Exercise aim
Repeat only the lines from the one that contains "Kavugho Mukoni Romelie" through the final line of the listing below, exactly, please, without pictures.

Material provided
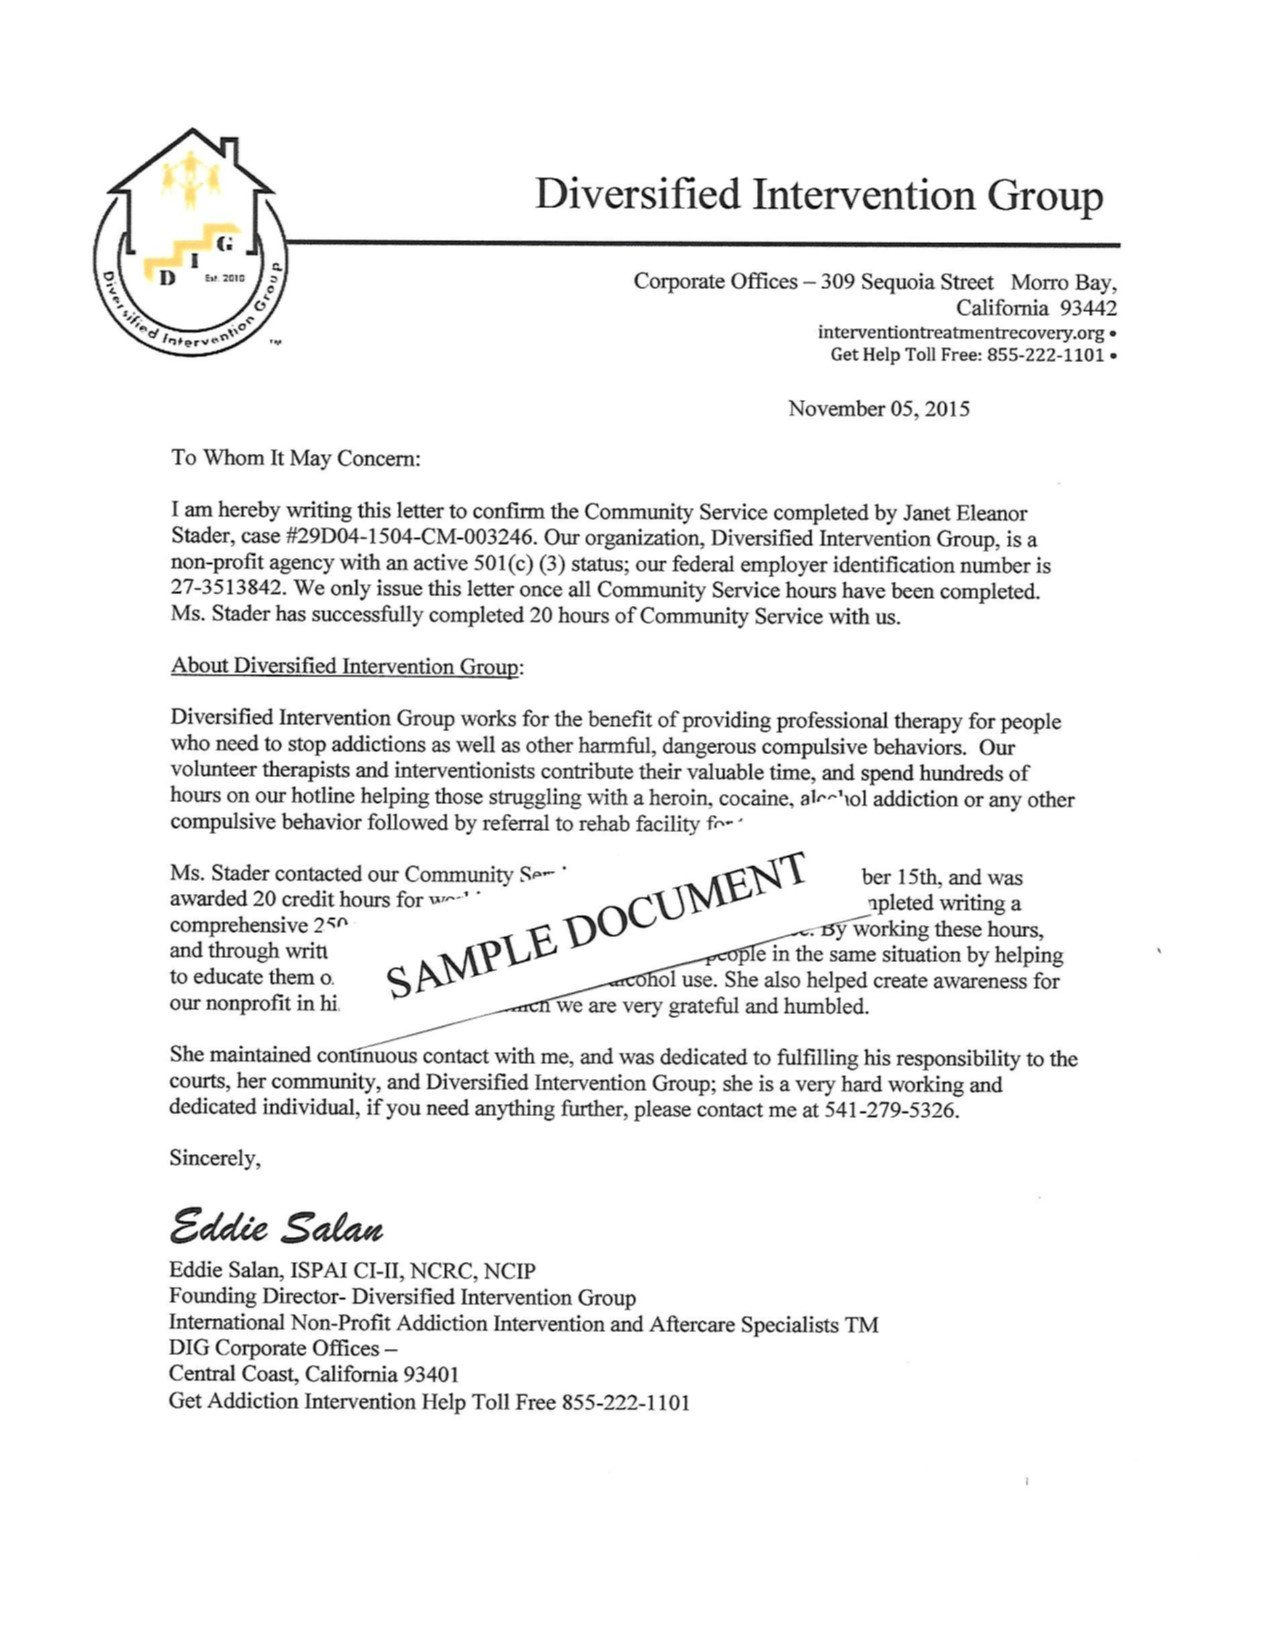 Sample Community Service Letter Munity Service Letterhead Sample
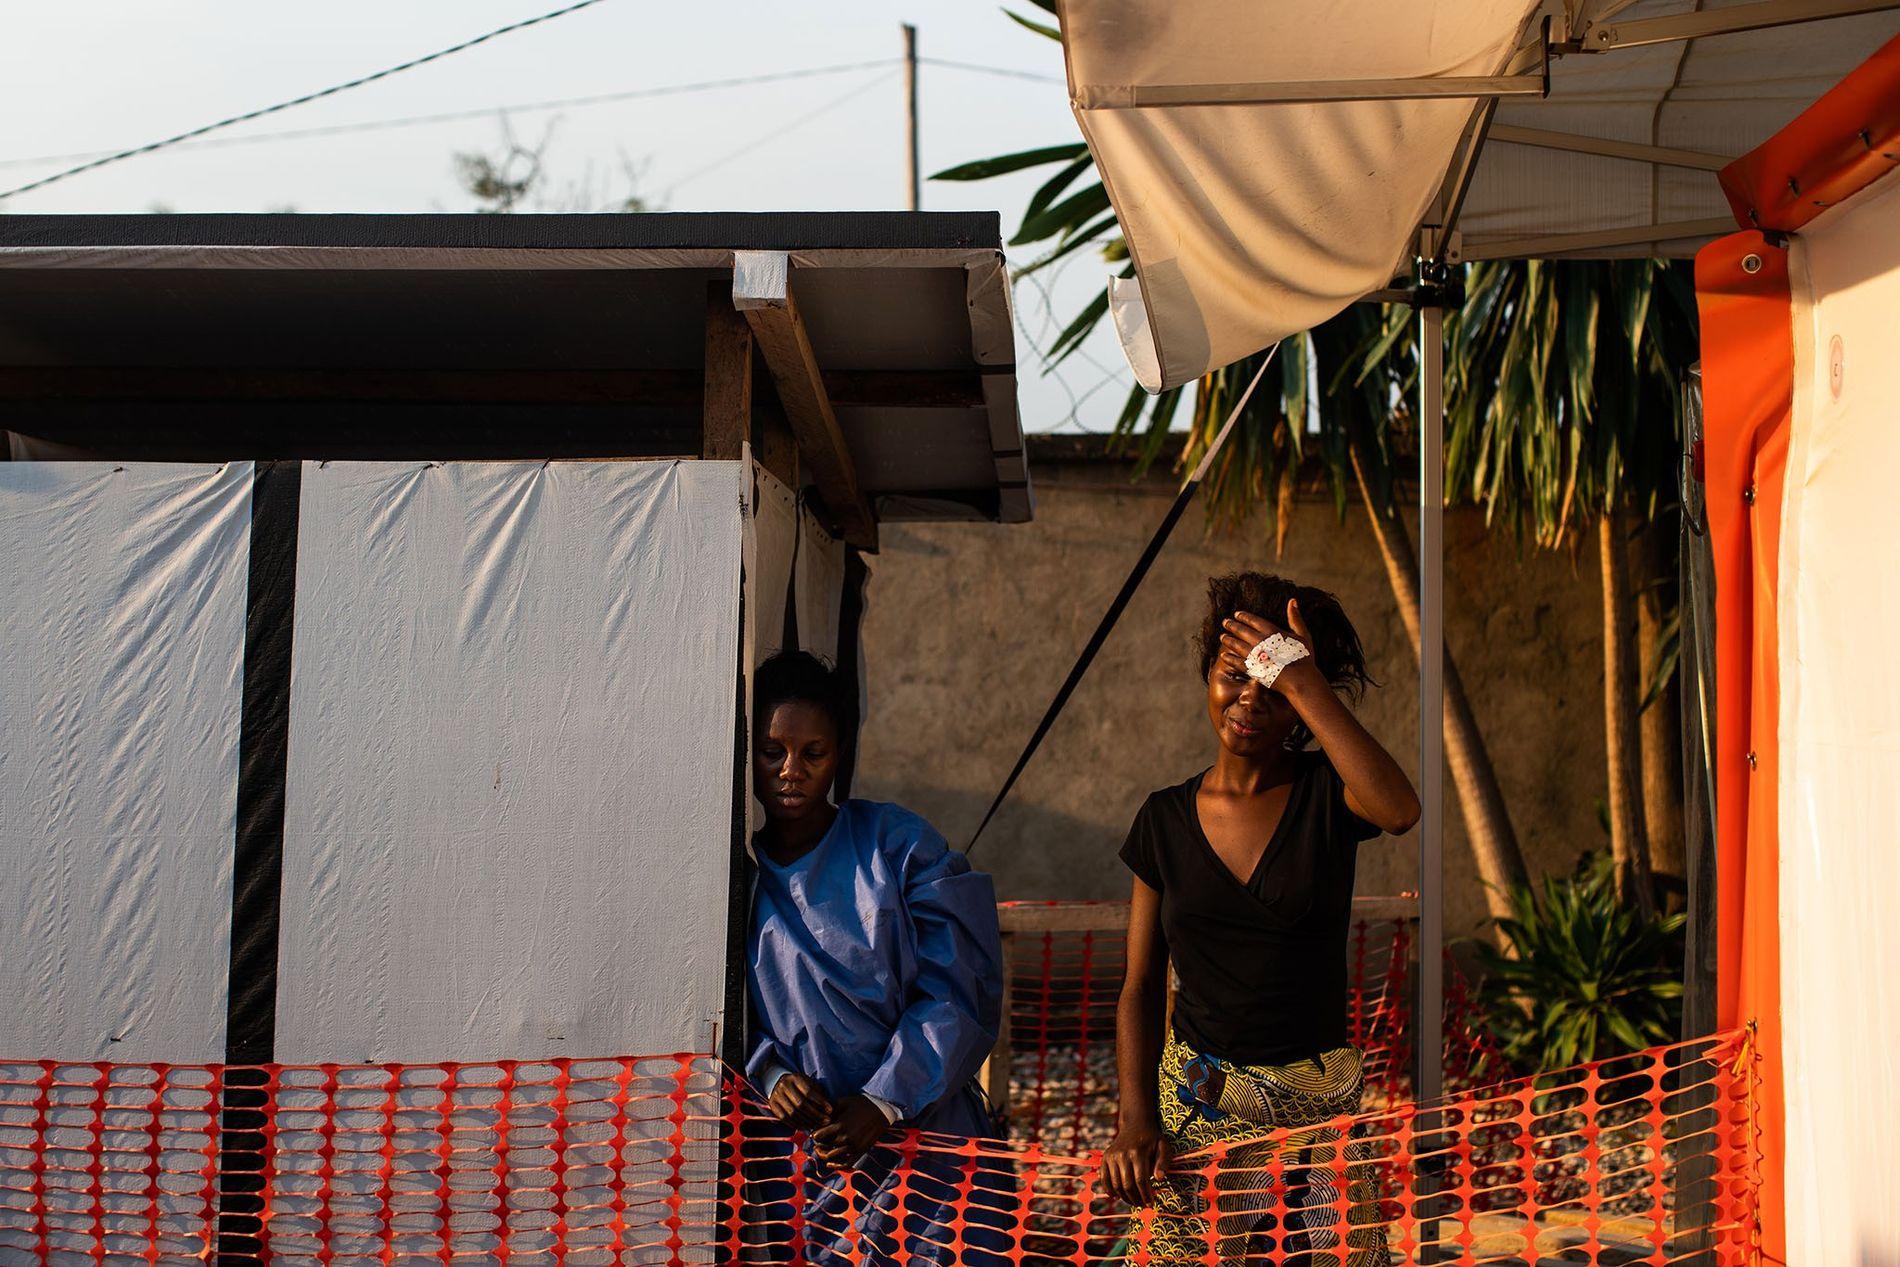 Kavugho Mukoni Romelie
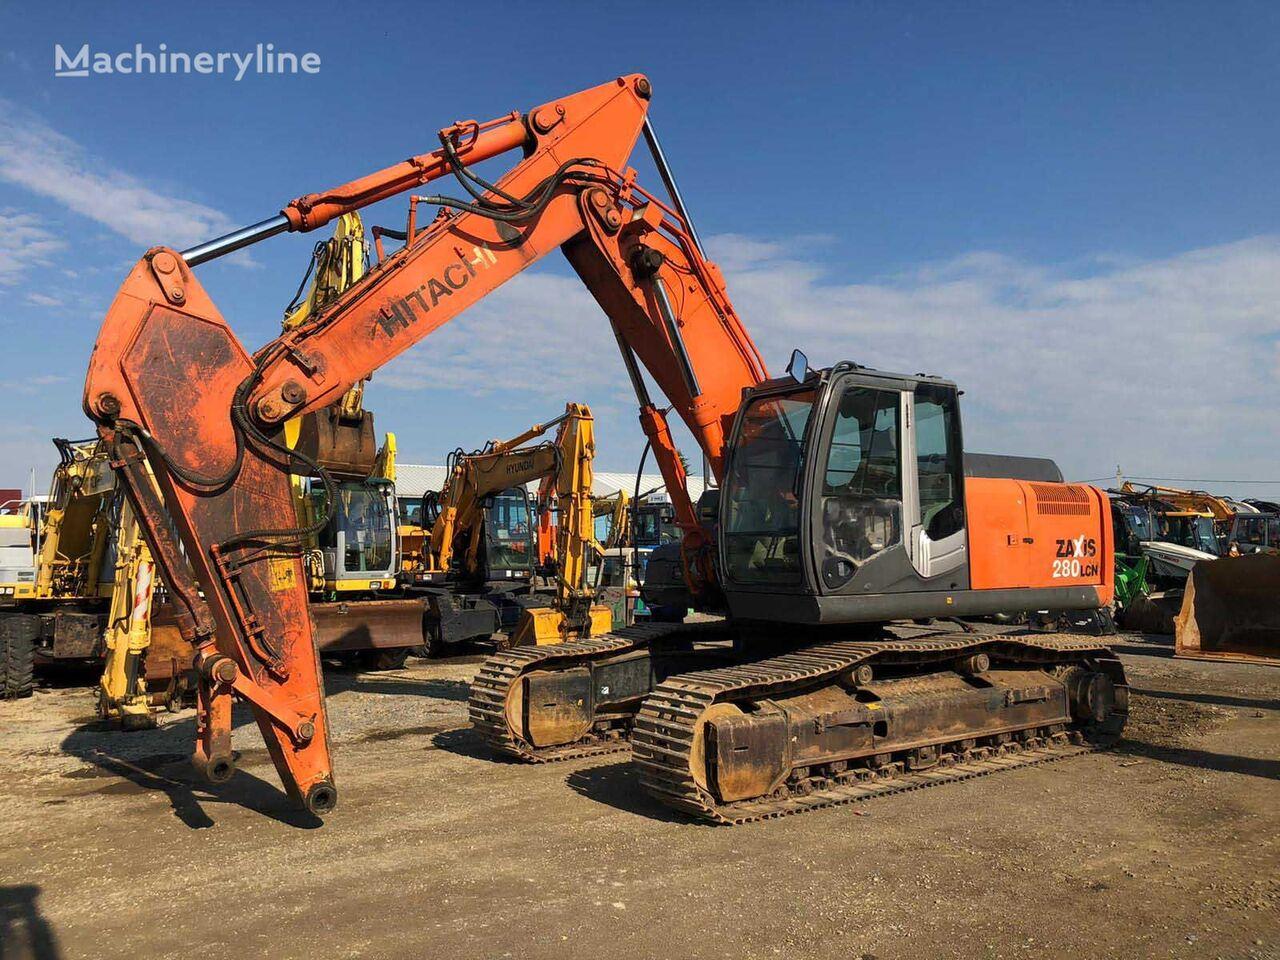 HITACHI ZX 280 LCN-3 tracked excavator
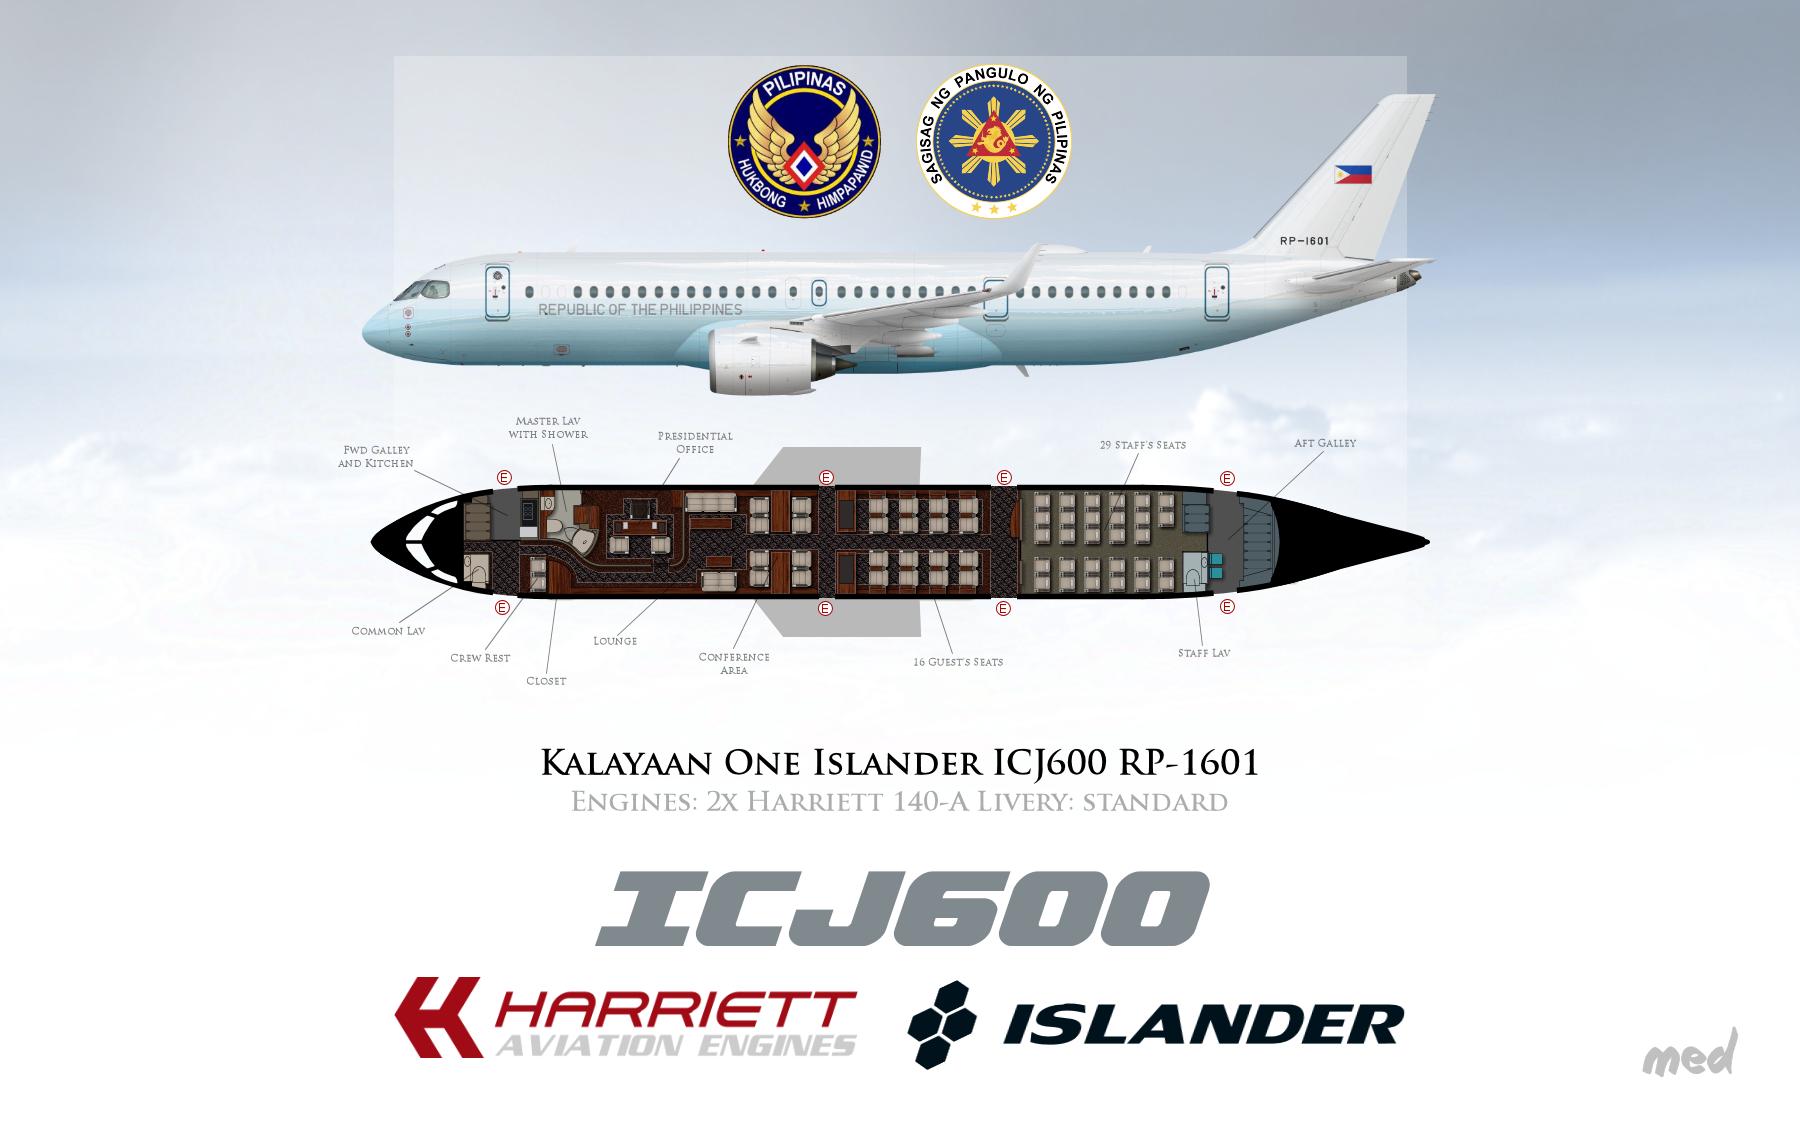 Islander ICJ600 Philippines - Government - Islander - Gallery ...

Response below
 Kavugho Mukoni Romelie
 HITACHI ZX 280 LCN-3 tracked excavator
 Islander ICJ600 Philippines - Government - Islander - Gallery ...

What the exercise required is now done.